Task details
Find the line that holds "Comment installer des panneaux solaires ?" in the material below. Output that line and each one after it exactly, but not the pictures.

Provided material
=== Begin Enclosure ===

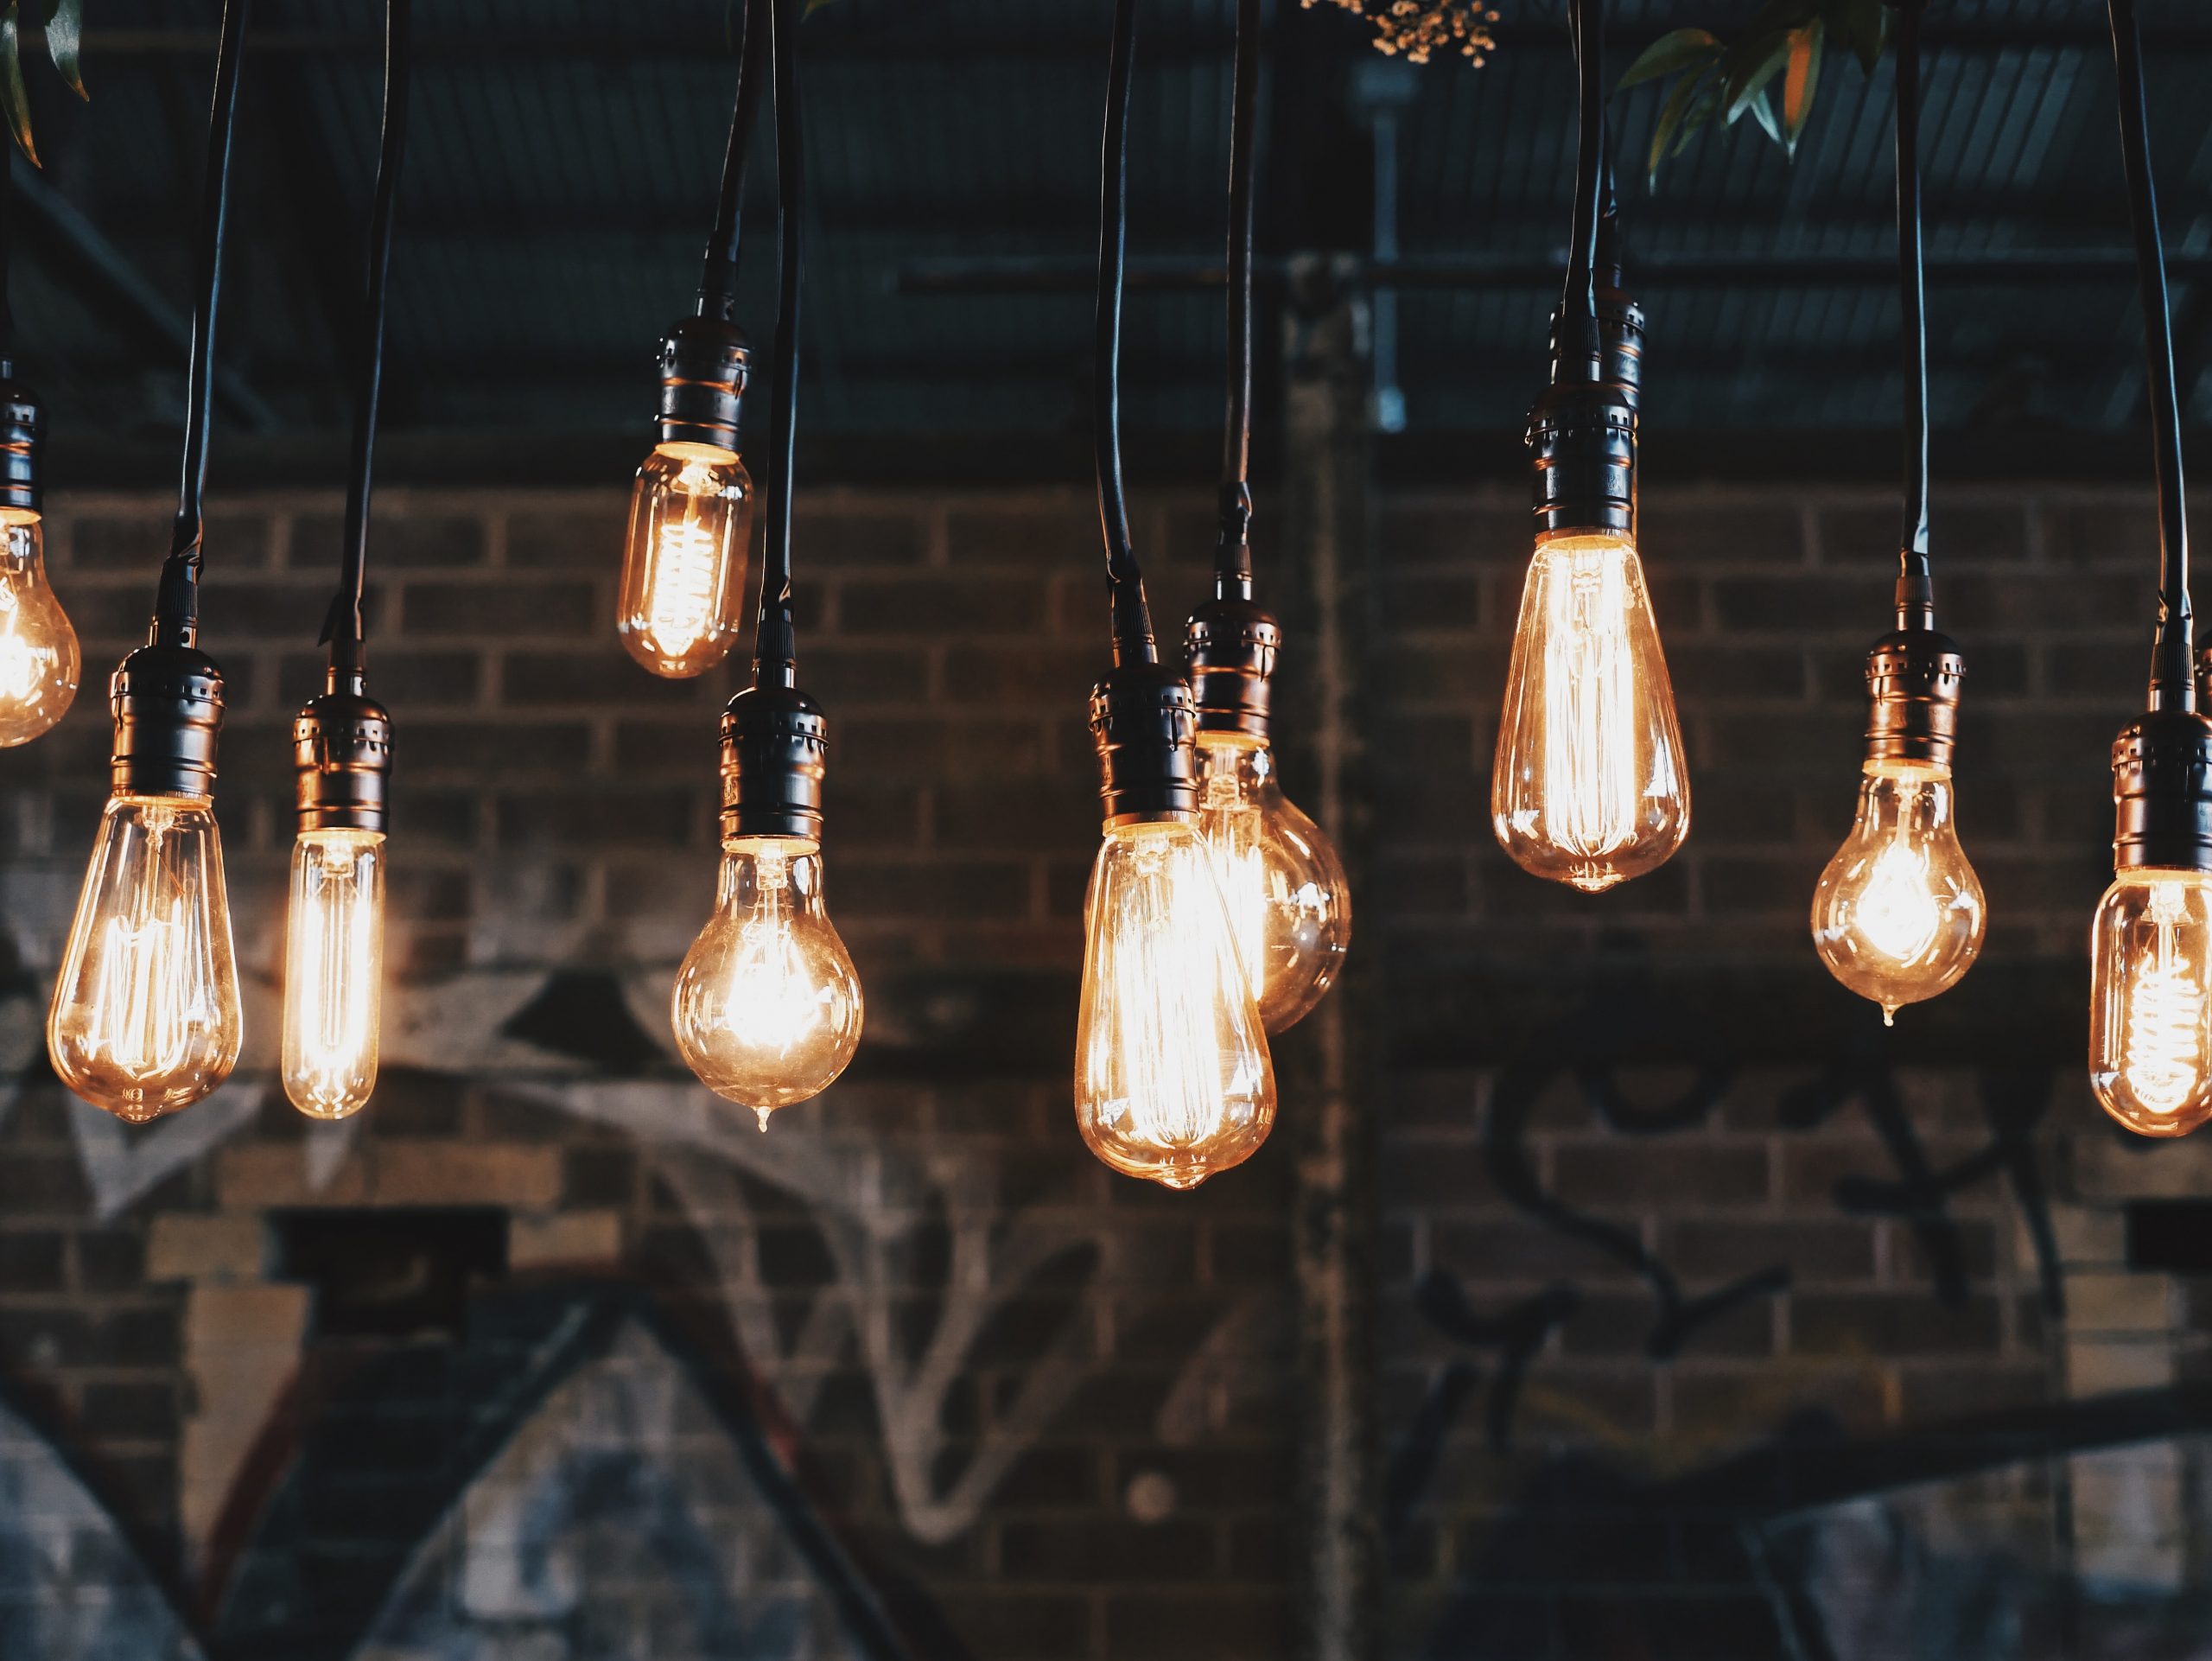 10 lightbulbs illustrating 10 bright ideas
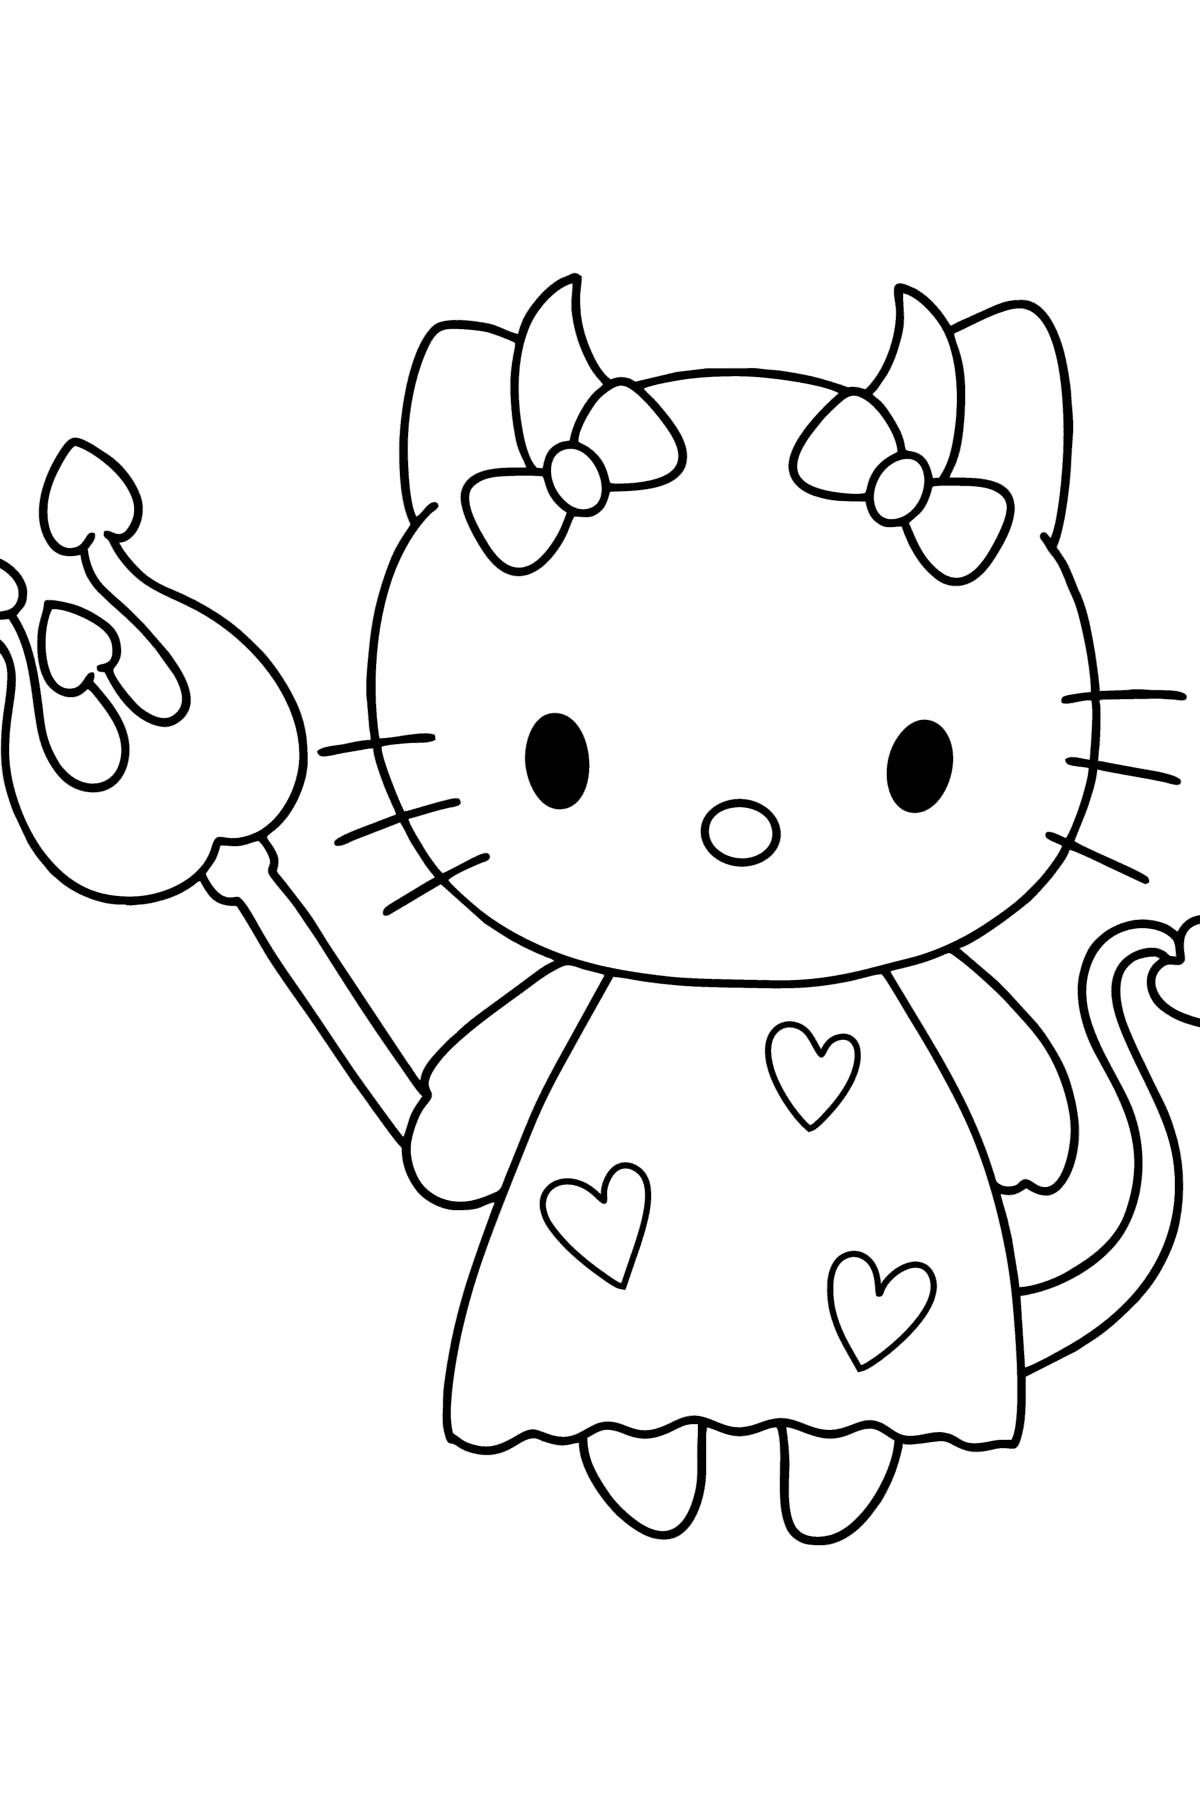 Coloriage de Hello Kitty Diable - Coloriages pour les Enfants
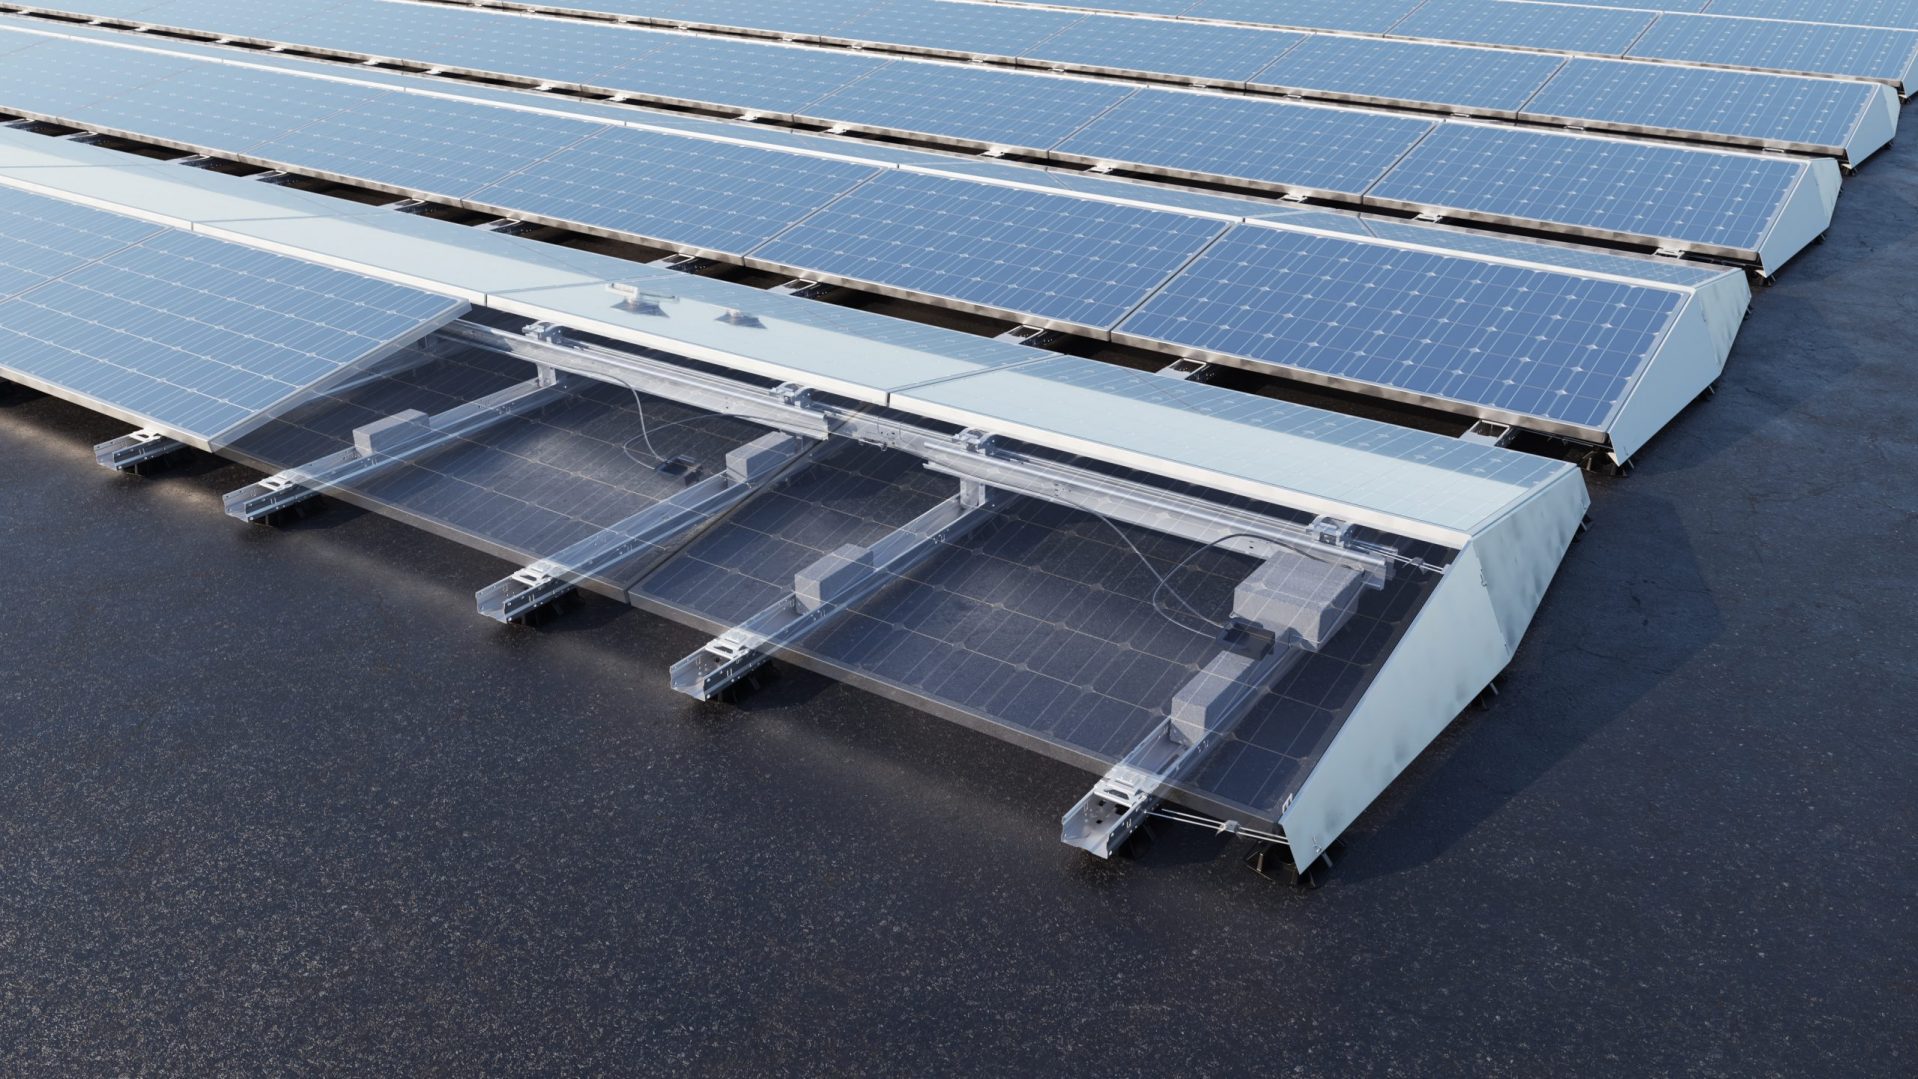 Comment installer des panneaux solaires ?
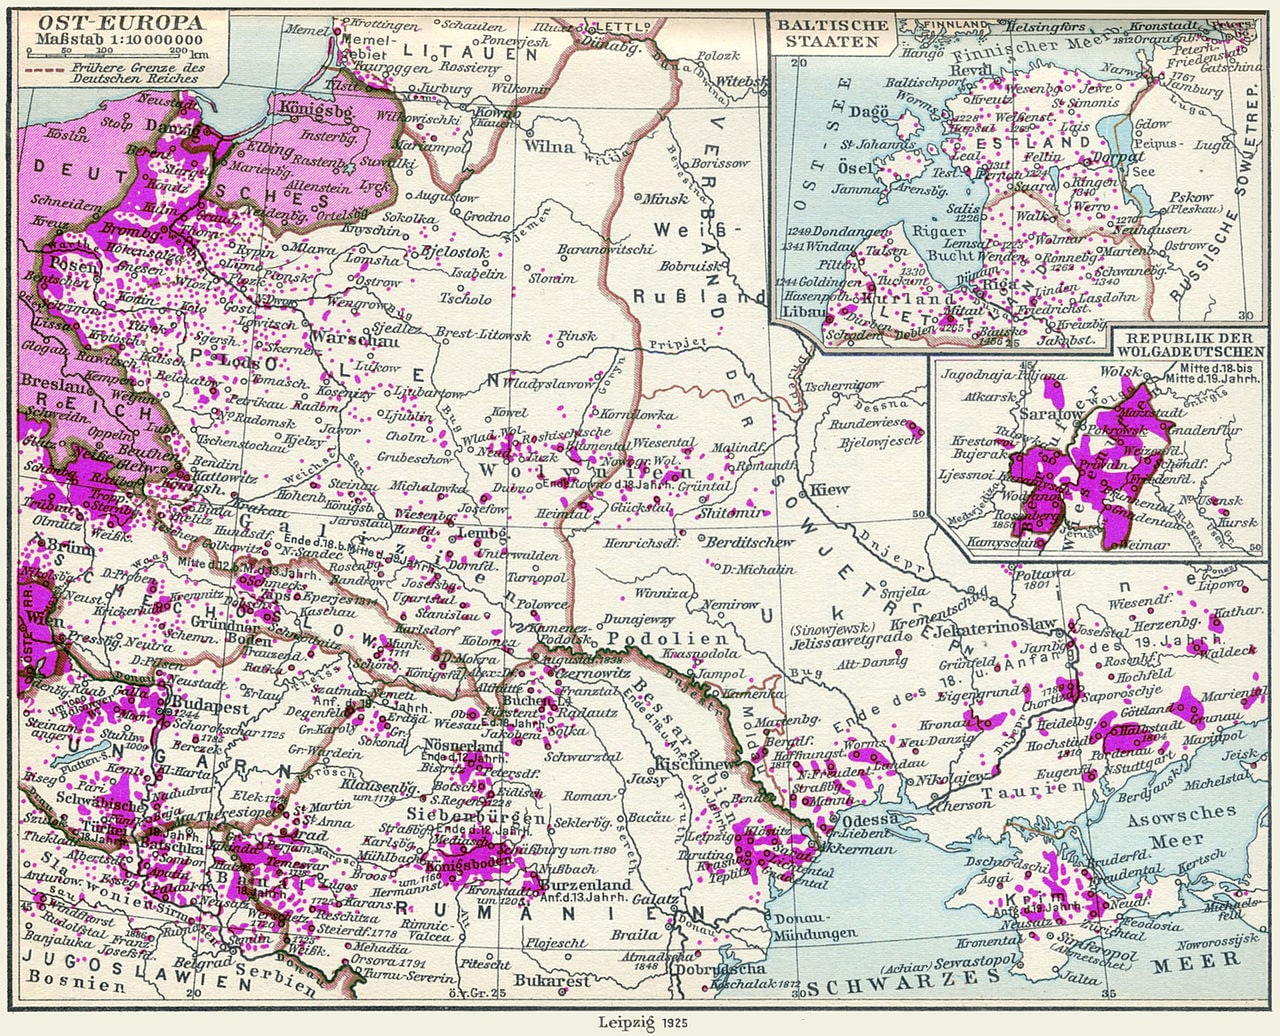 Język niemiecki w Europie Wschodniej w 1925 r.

=== End Enclosure ===

Solution for this problem
 Comment installer des panneaux solaires ?
 Język niemiecki w Europie Wschodniej w 1925 r.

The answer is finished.